| ASSIGNMENT |
Give again only the lines from the line that holds "There will always be an underground." to the end of the data, inclusive, omitting all pictures.
++++ DATA SECTION
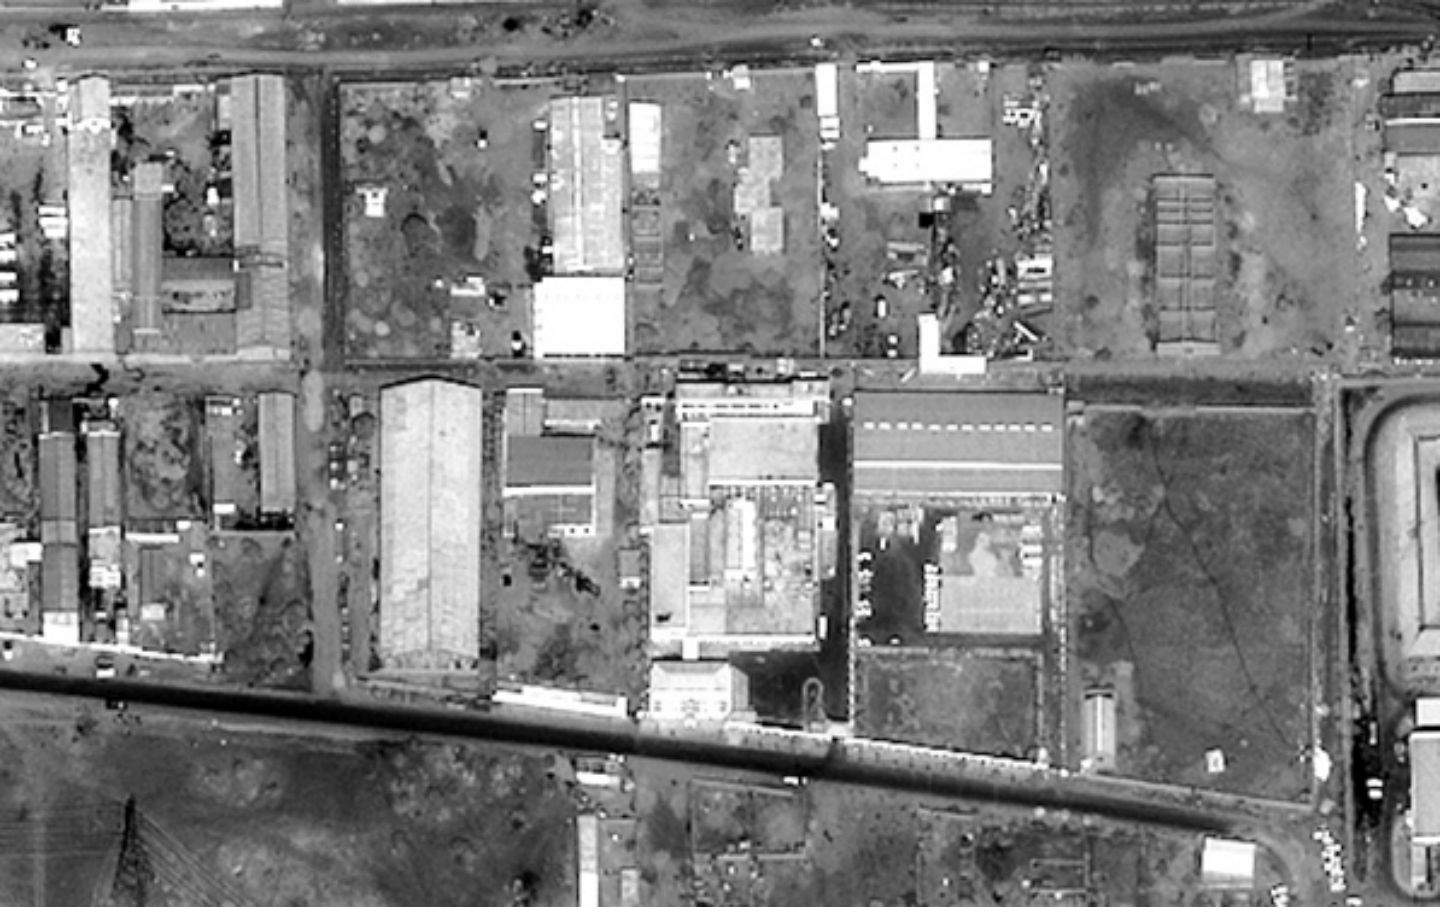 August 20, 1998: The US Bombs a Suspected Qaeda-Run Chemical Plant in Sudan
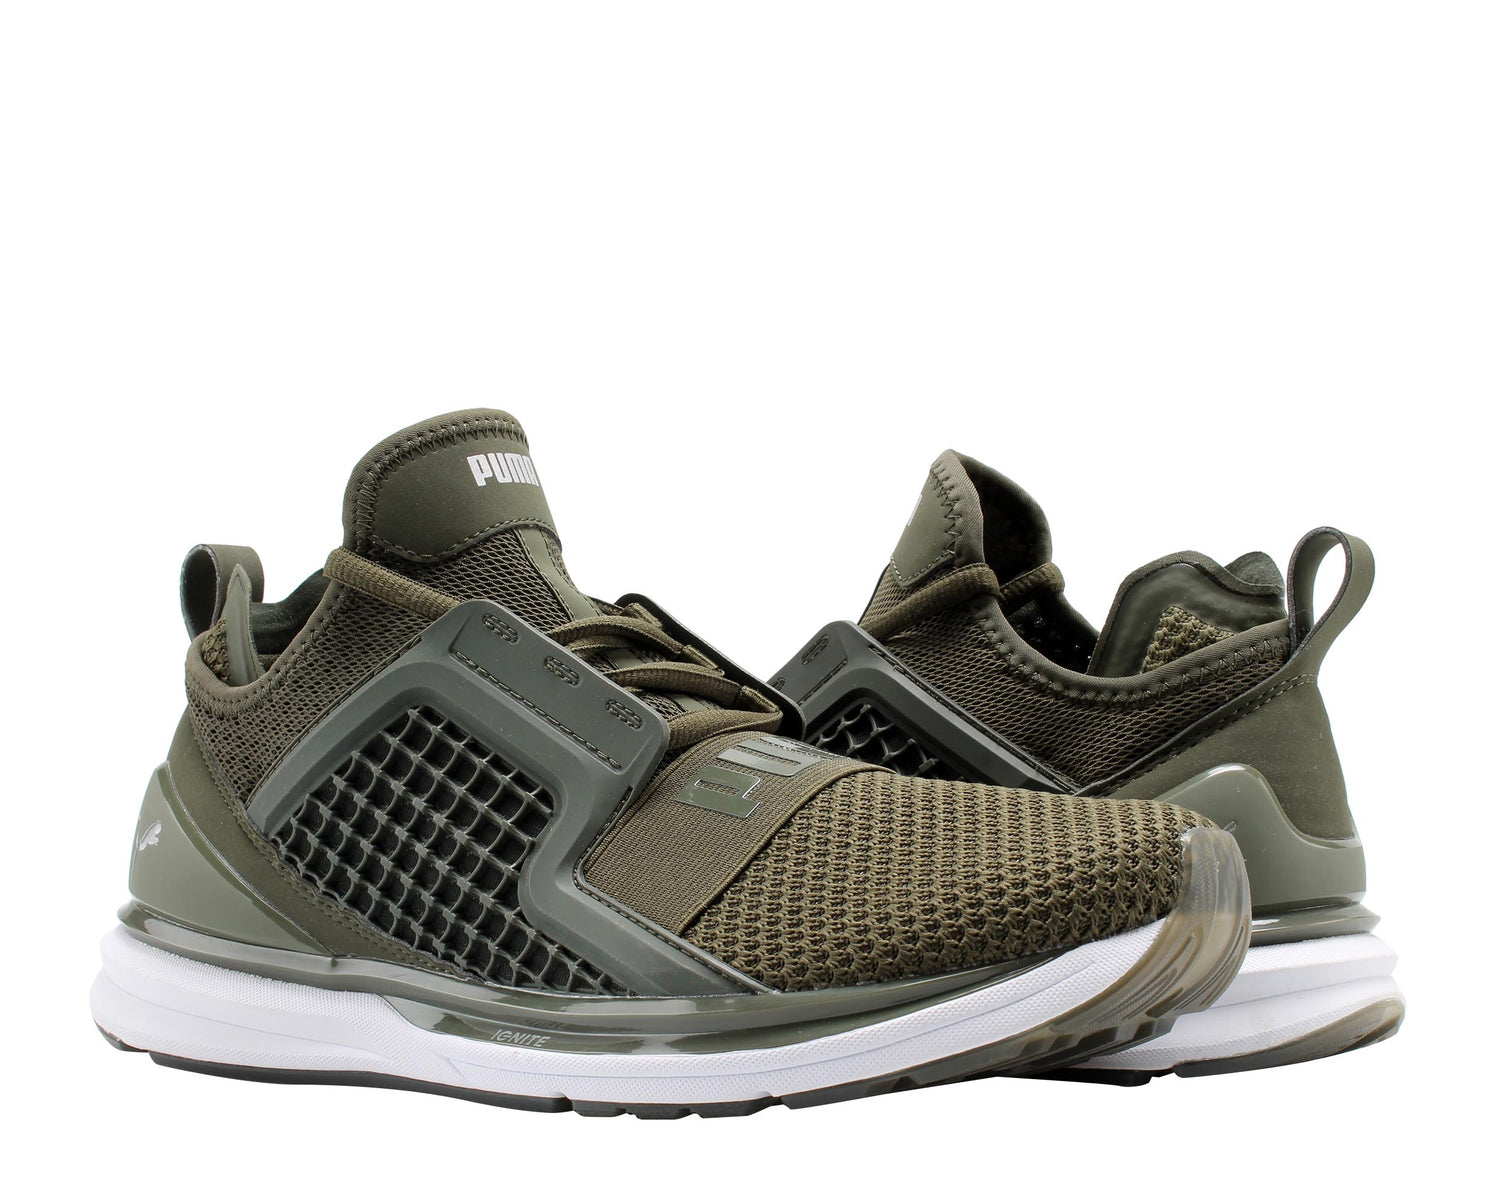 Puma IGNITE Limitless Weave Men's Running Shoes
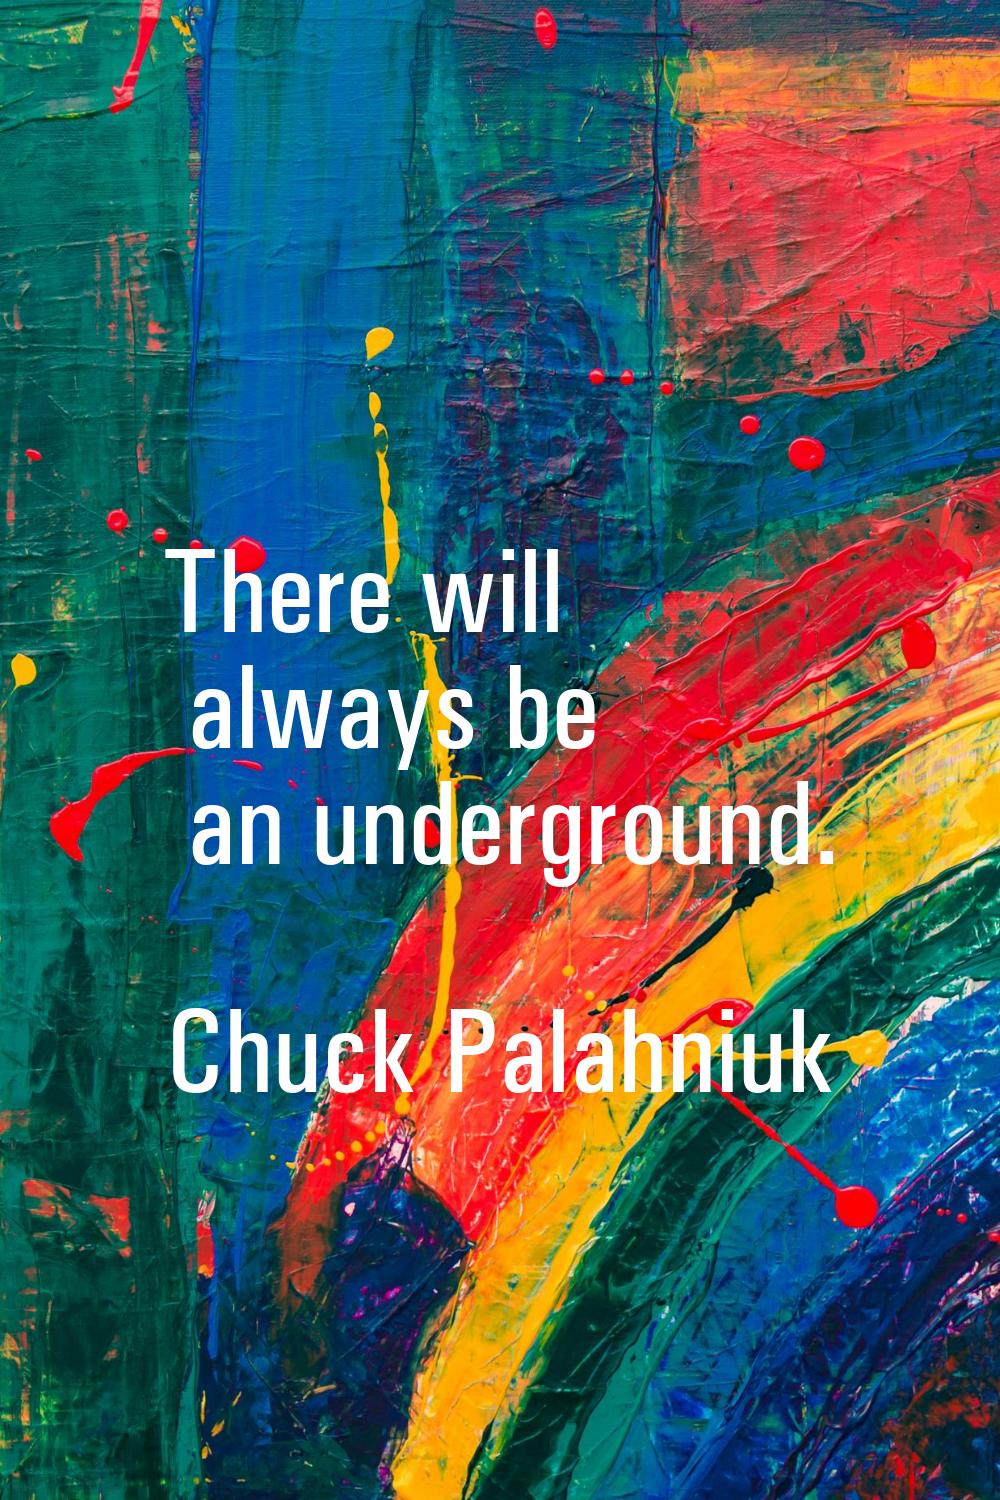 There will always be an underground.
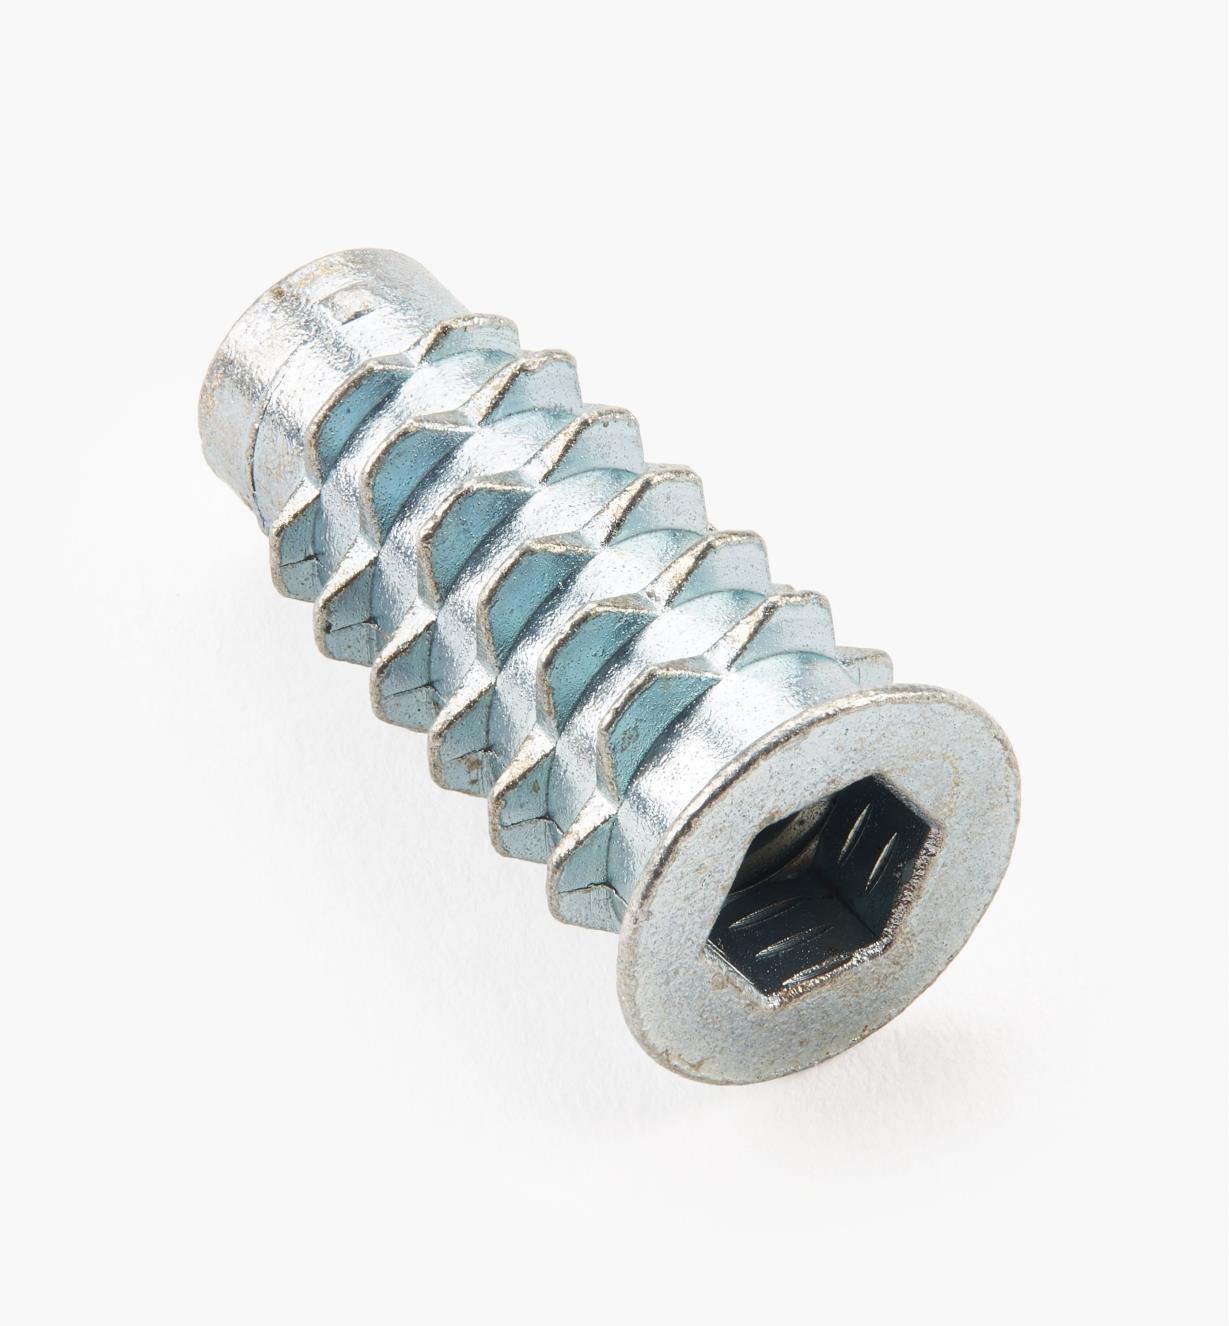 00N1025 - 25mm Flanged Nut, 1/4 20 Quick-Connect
++++++++
| RESPONSE TO THIS EXERCISE |
 There will always be an underground.
 00N1025 - 25mm Flanged Nut, 1/4 20 Quick-Connect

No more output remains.